• **PROBLEM**:
Reproduce the data below word for word, setting aside any picture it holds.

• **RAW DATA**:
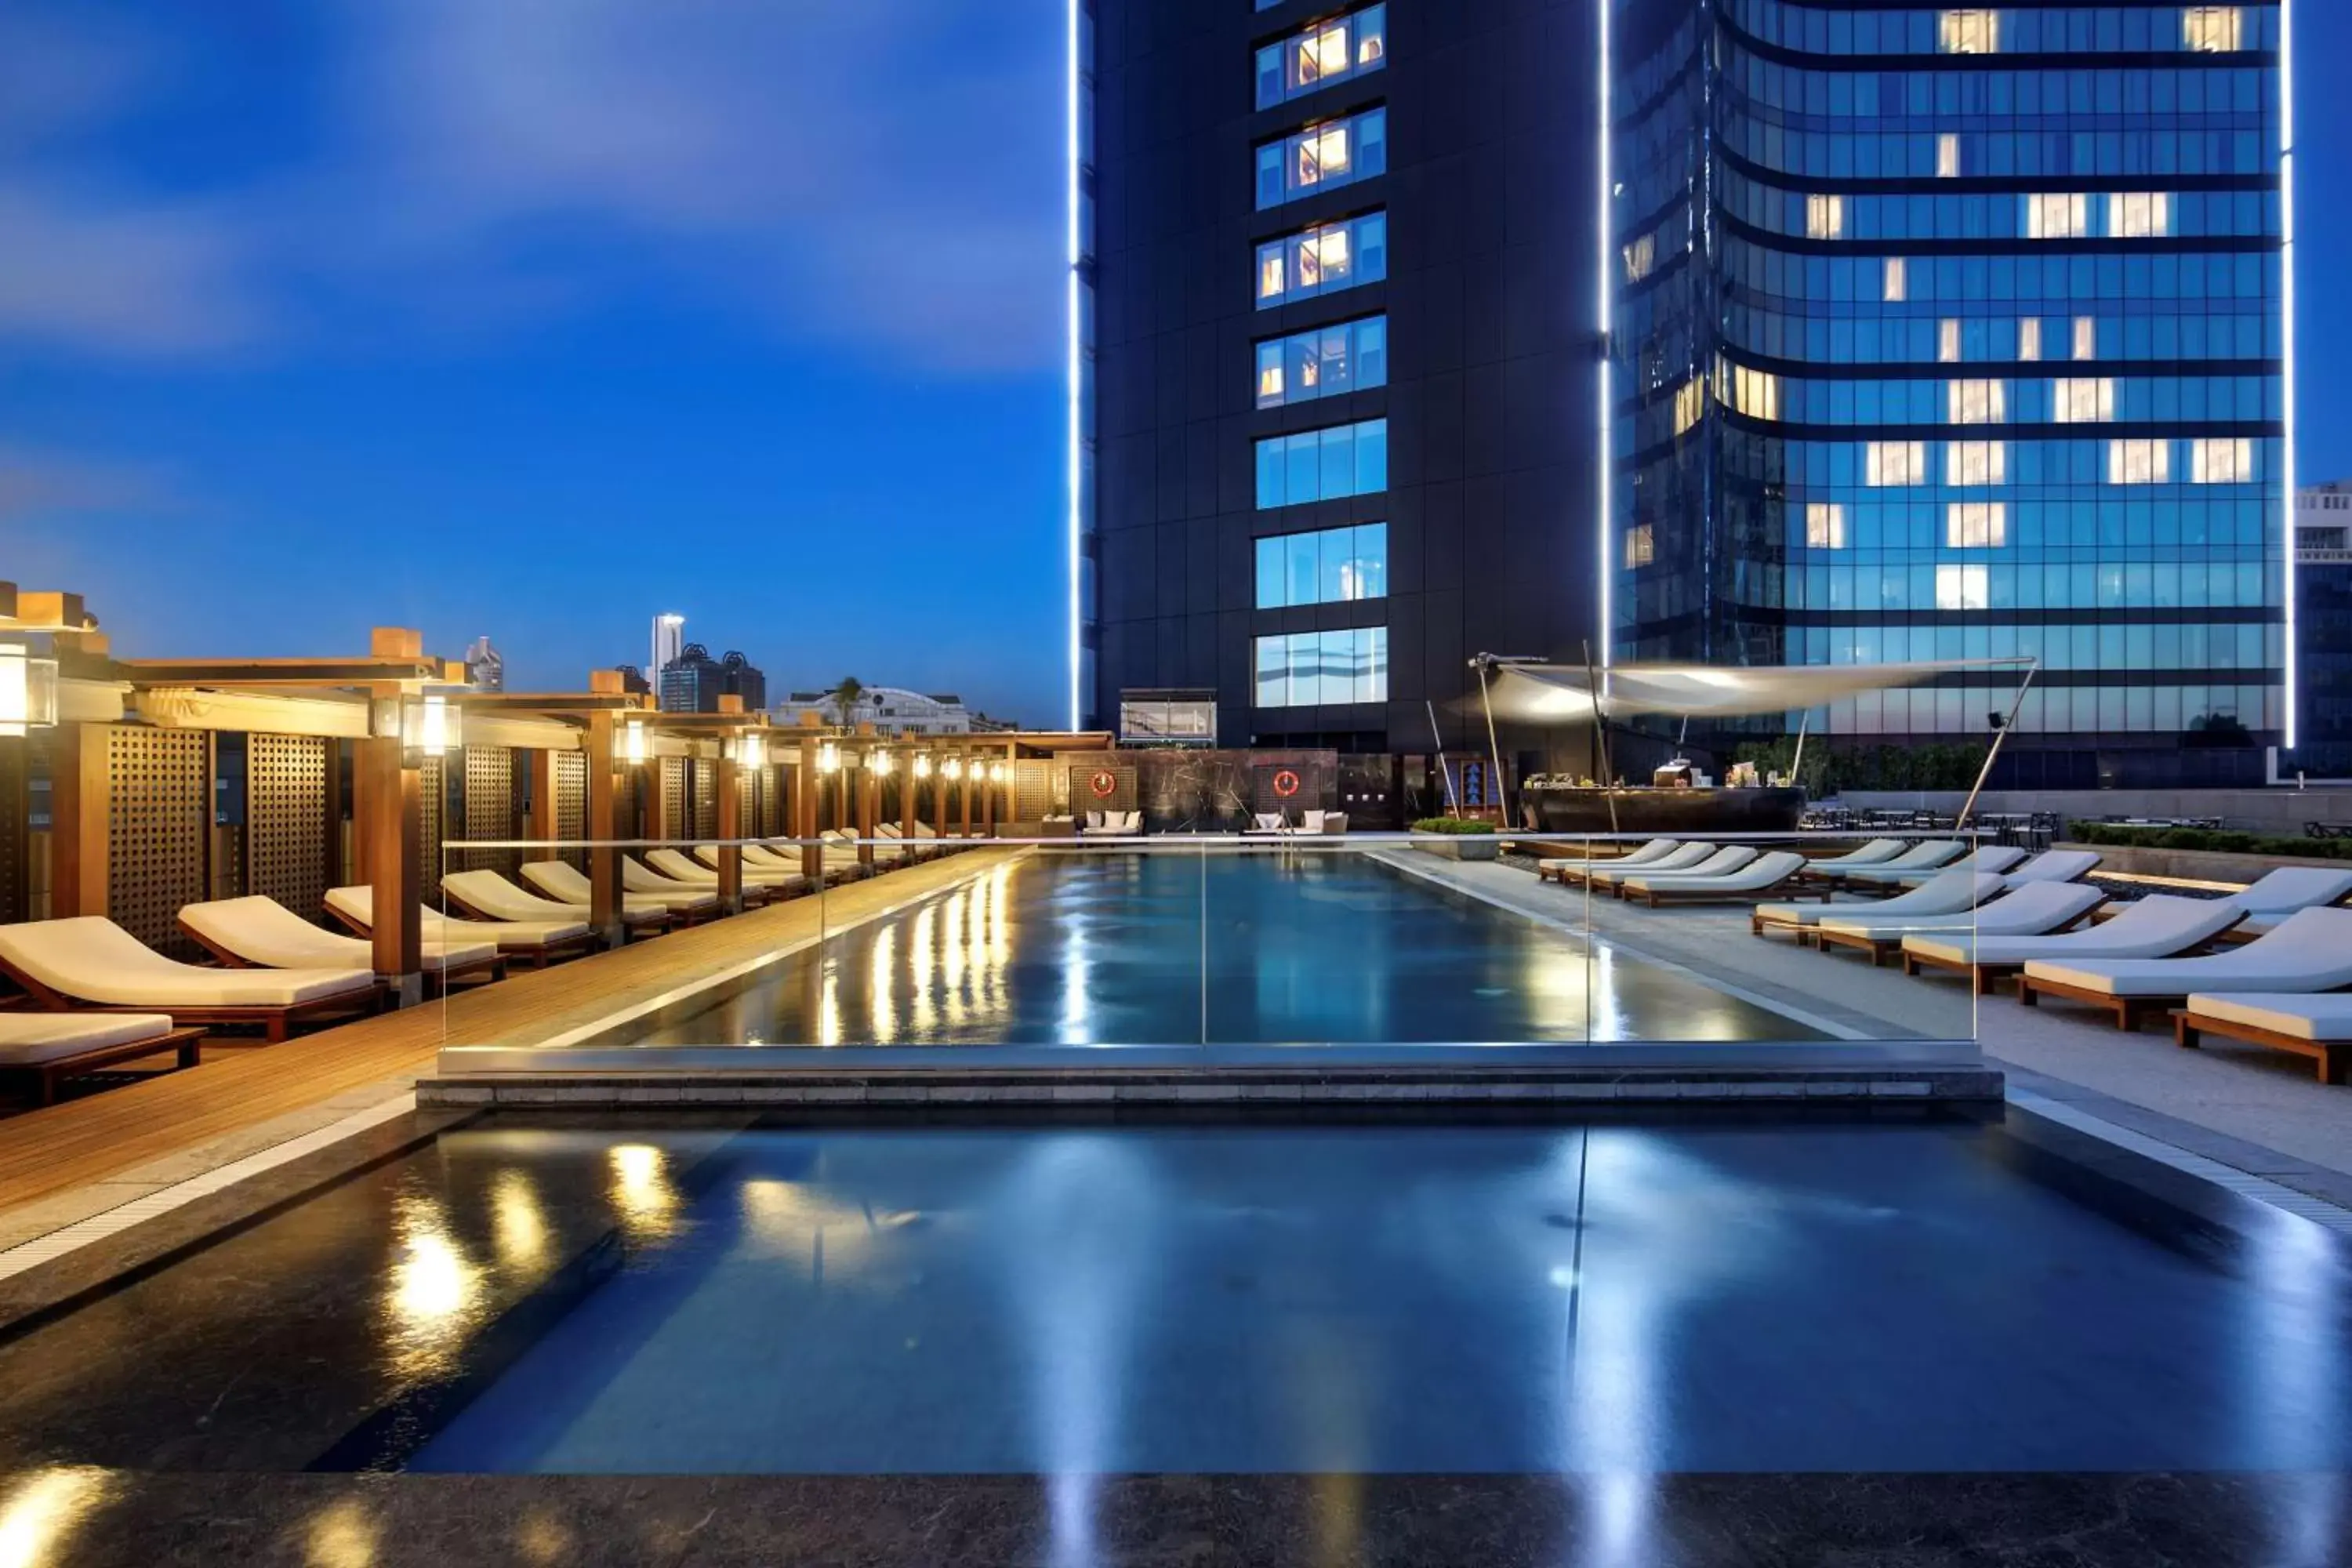 Pool view, Swimming Pool in Hilton Istanbul Bomonti
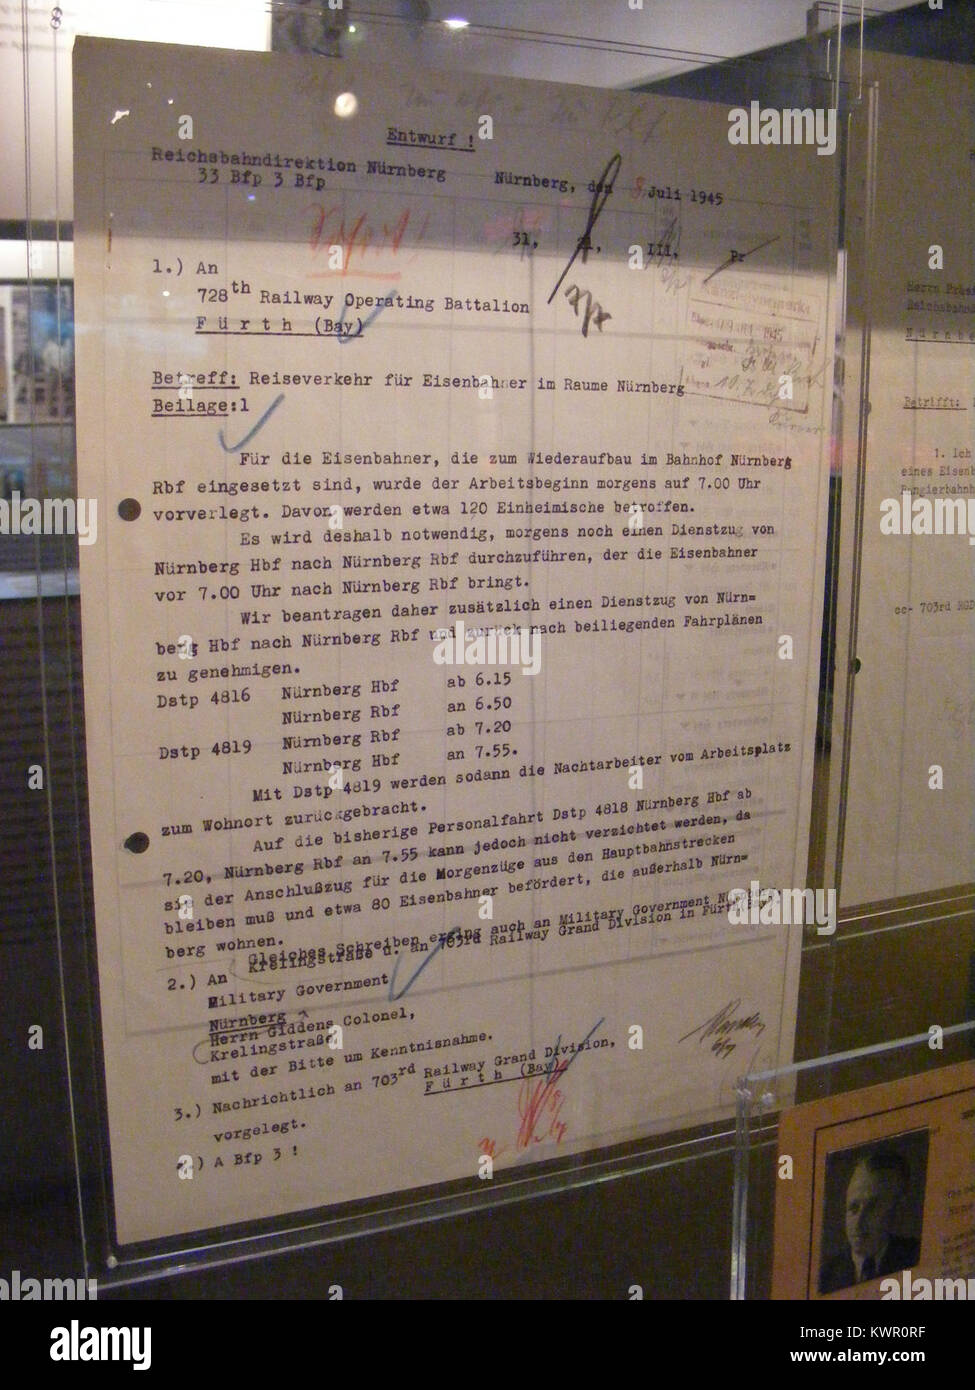 DB Museum Nürnberg - Antrag auf der Zugverkehrs Einrichtung eines Reichsbahndirektion Nürnberg (1945). Foto de stock
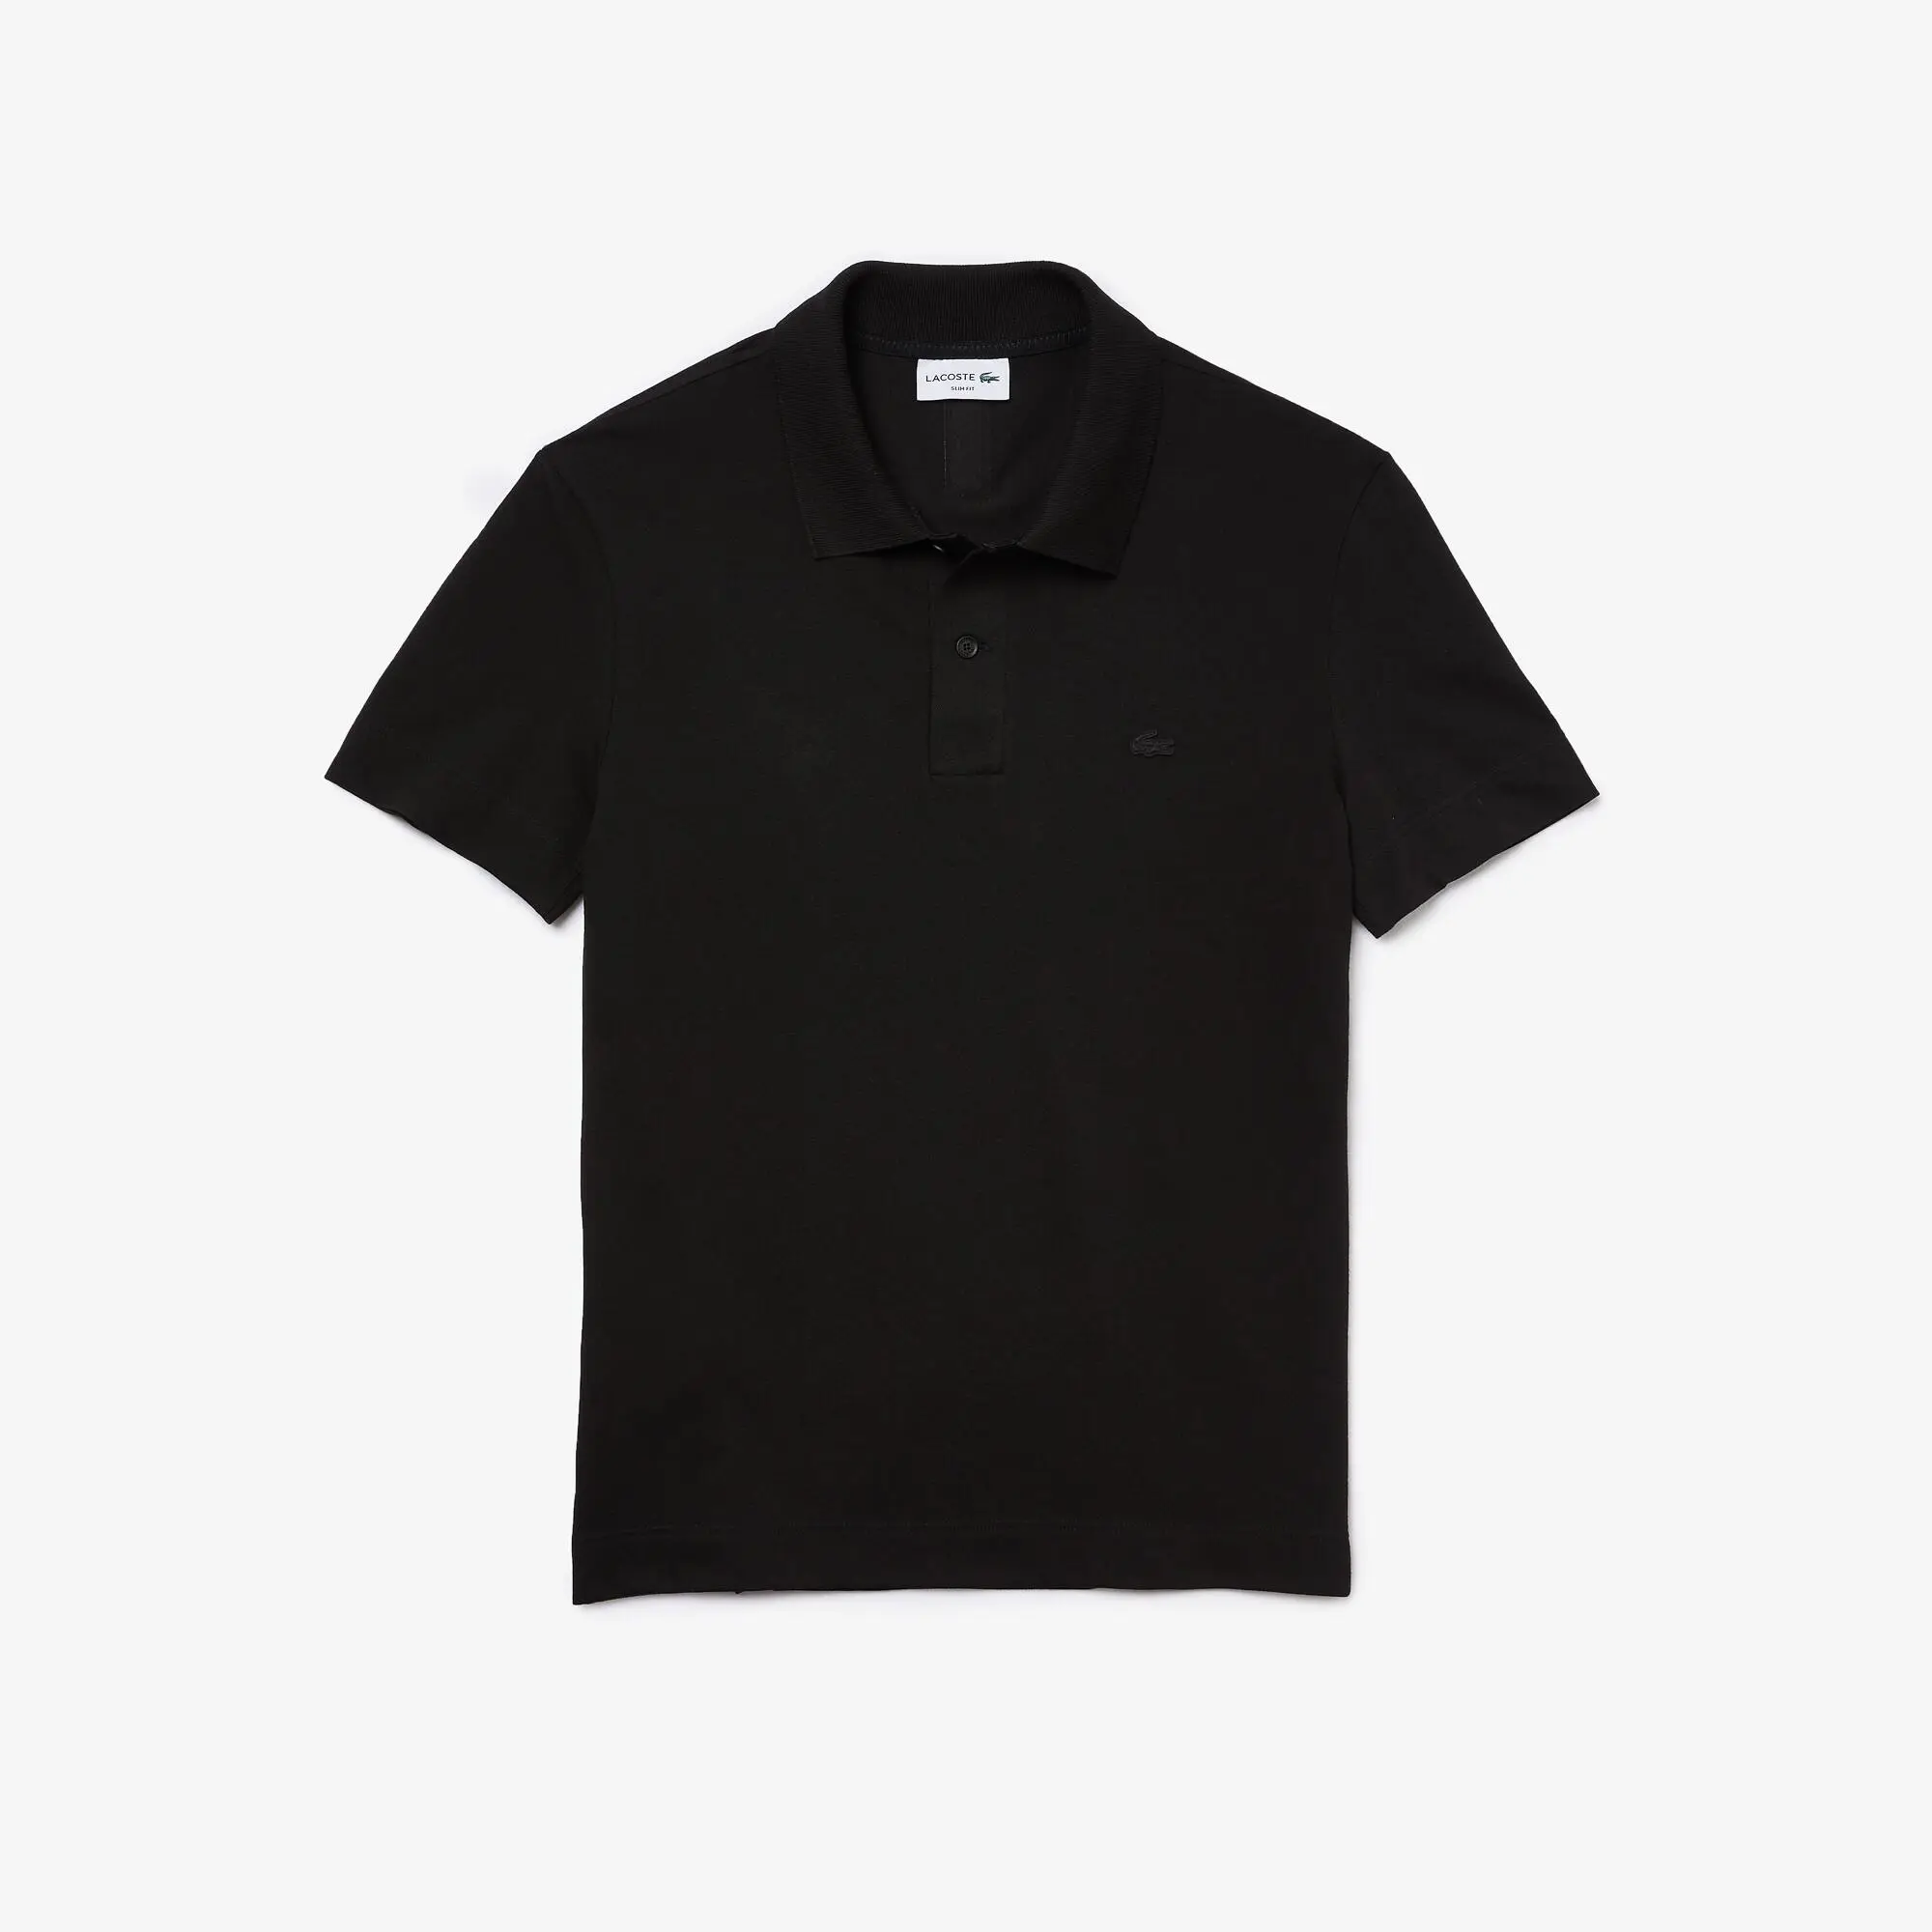 Lacoste Men's Lacoste Slim Fit Organic Stretch Cotton Piqué Polo Shirt. 2

• **EXERCISE RESPONSE**:
 Pool view, Swimming Pool in Hilton Istanbul Bomonti
 DB Museum Nürnberg - Antrag auf der Zugverkehrs Einrichtung eines Reichsbahndirektion Nürnberg (1945). Foto de stock
 Lacoste Men's Lacoste Slim Fit Organic Stretch Cotton Piqué Polo Shirt. 2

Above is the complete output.